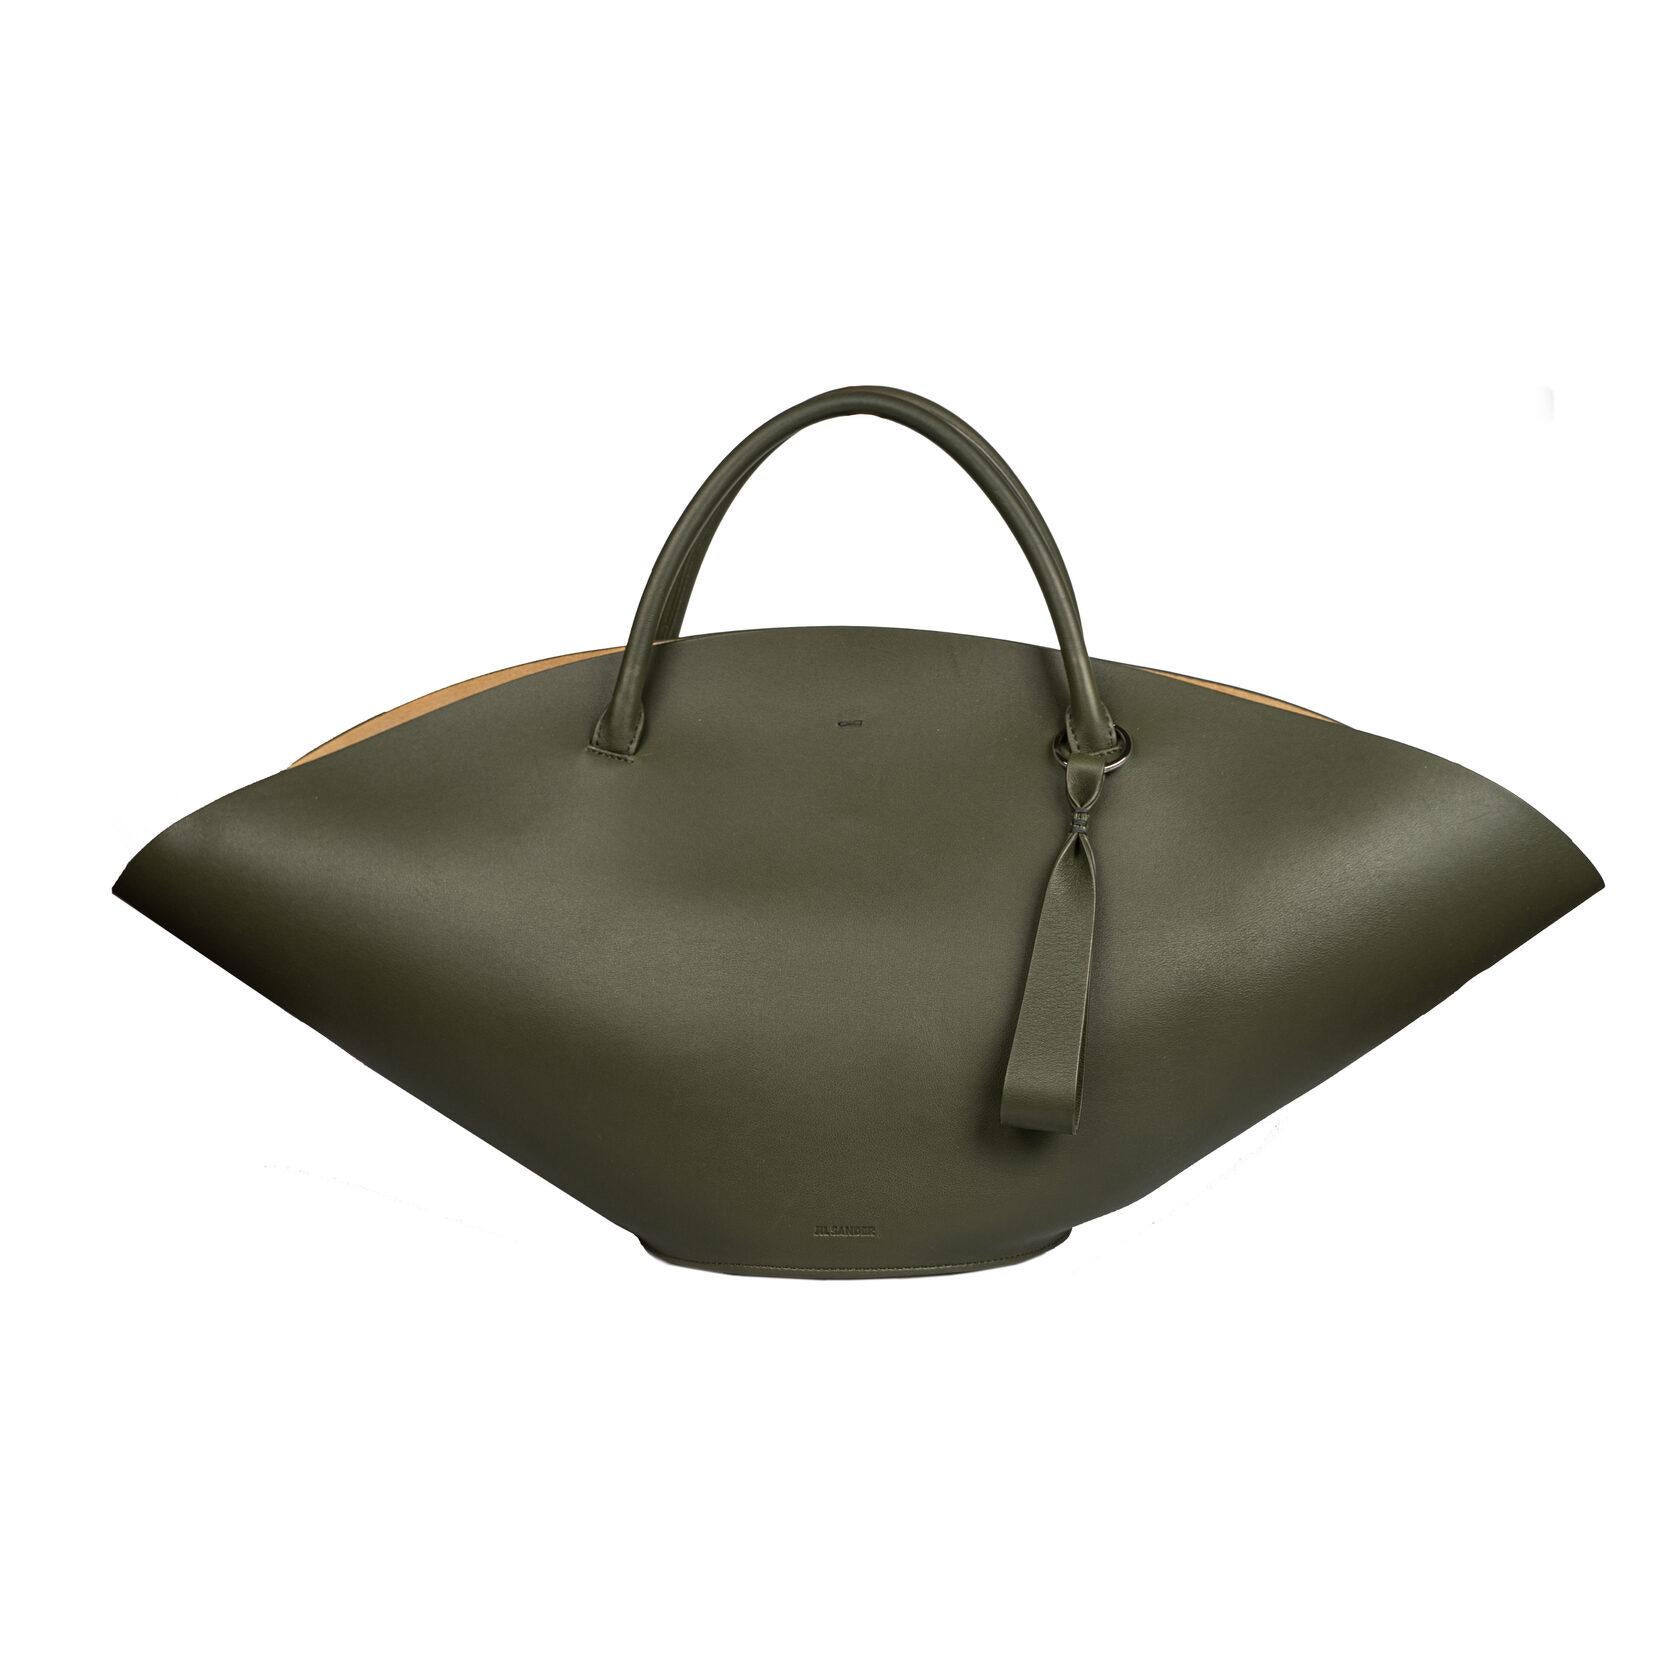 CONDITION: NW: New
SET: Bag, Shoulder strap
SIZE: 63/28/19 cm; Handles 40 cm, Shoulder strap 102 cm.
Khaki
Leather material
INSIDE COLOR: Brown
INSIDE MATERIAL: Suede
HARDWARE: Gold-tone metal
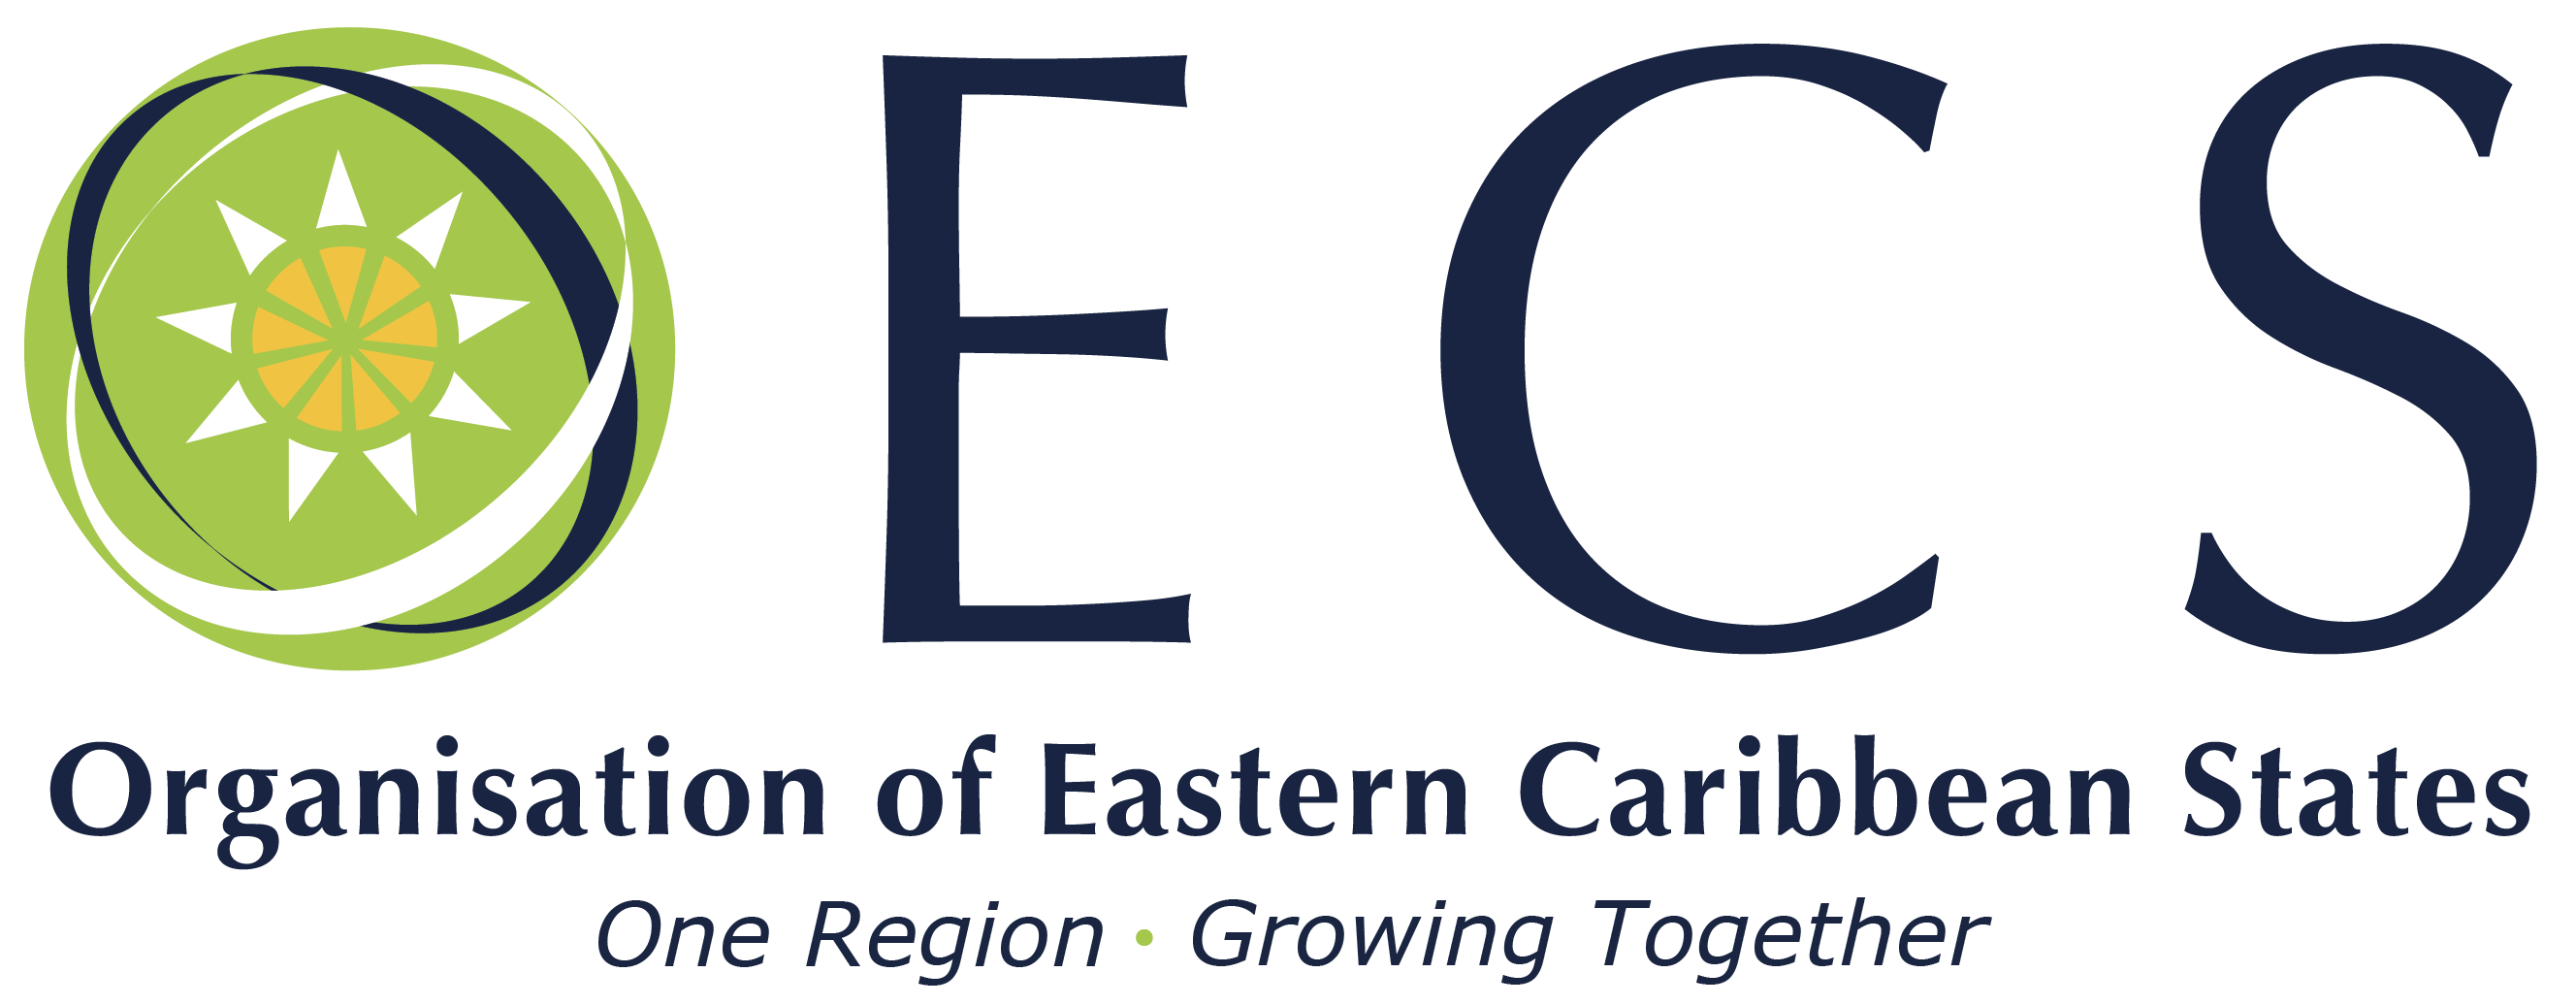 Organisation of Eastern Caribbean States (OECS) Logo
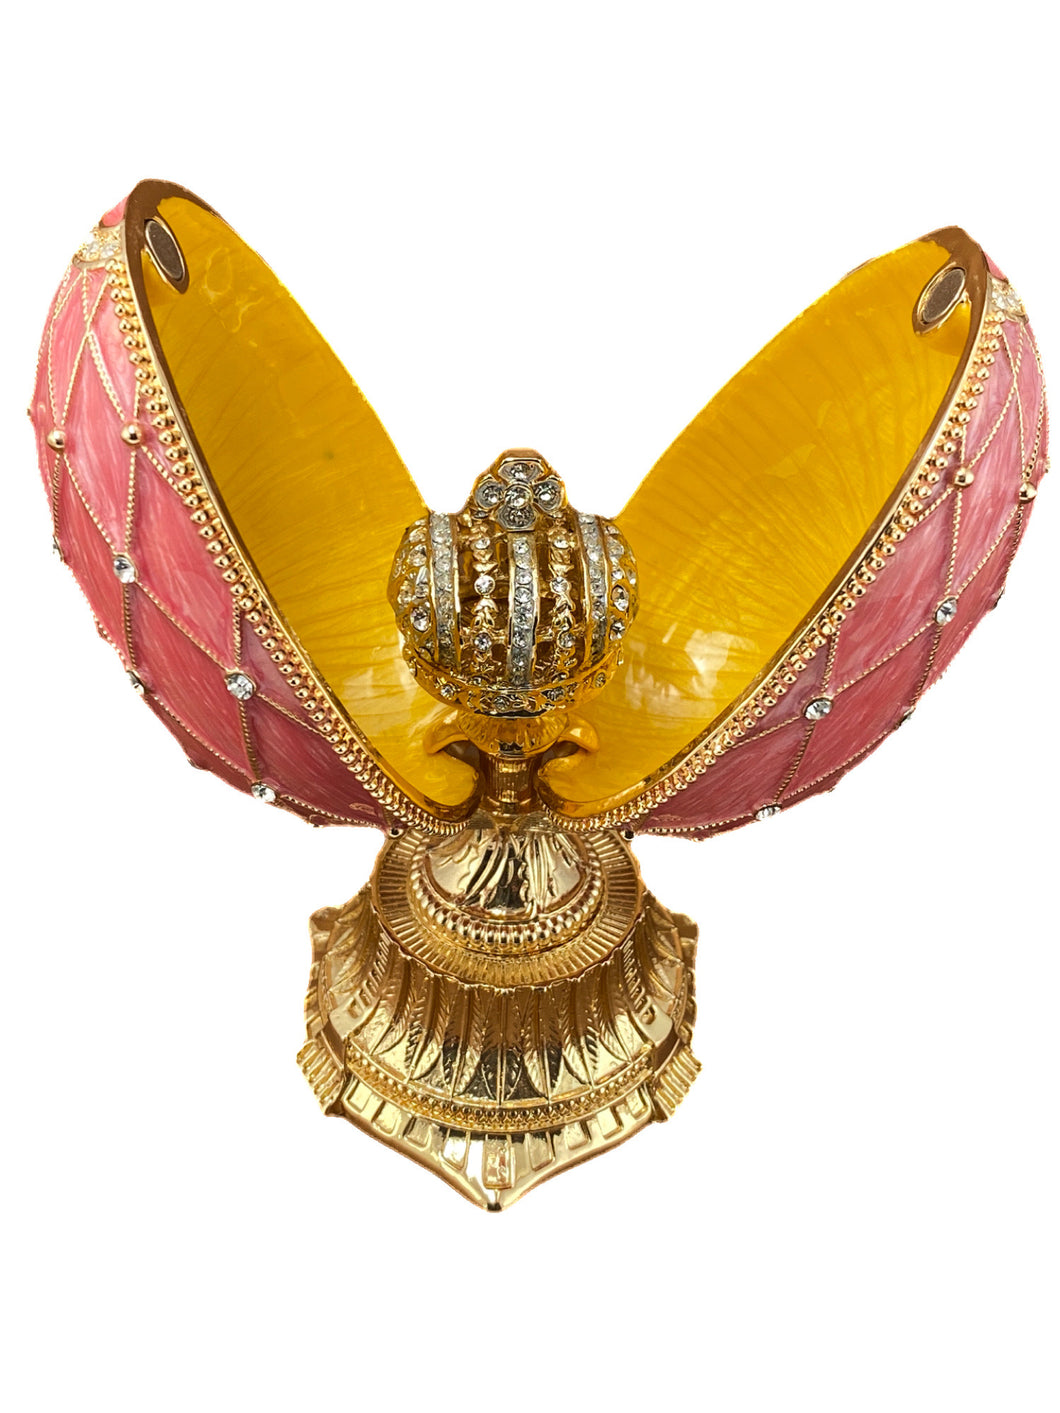 Huevo de Faberge. Corona Imperial

════════════════════

Any picture in the material is to be left out, and everything else is to be retyped as is.

== Solution for this task ==
 CONDITION: NW: New
SET: Bag, Shoulder strap
SIZE: 63/28/19 cm; Handles 40 cm, Shoulder strap 102 cm.
Khaki
Leather material
INSIDE COLOR: Brown
INSIDE MATERIAL: Suede
HARDWARE: Gold-tone metal
 Organisation of Eastern Caribbean States (OECS) Logo
 Huevo de Faberge. Corona Imperial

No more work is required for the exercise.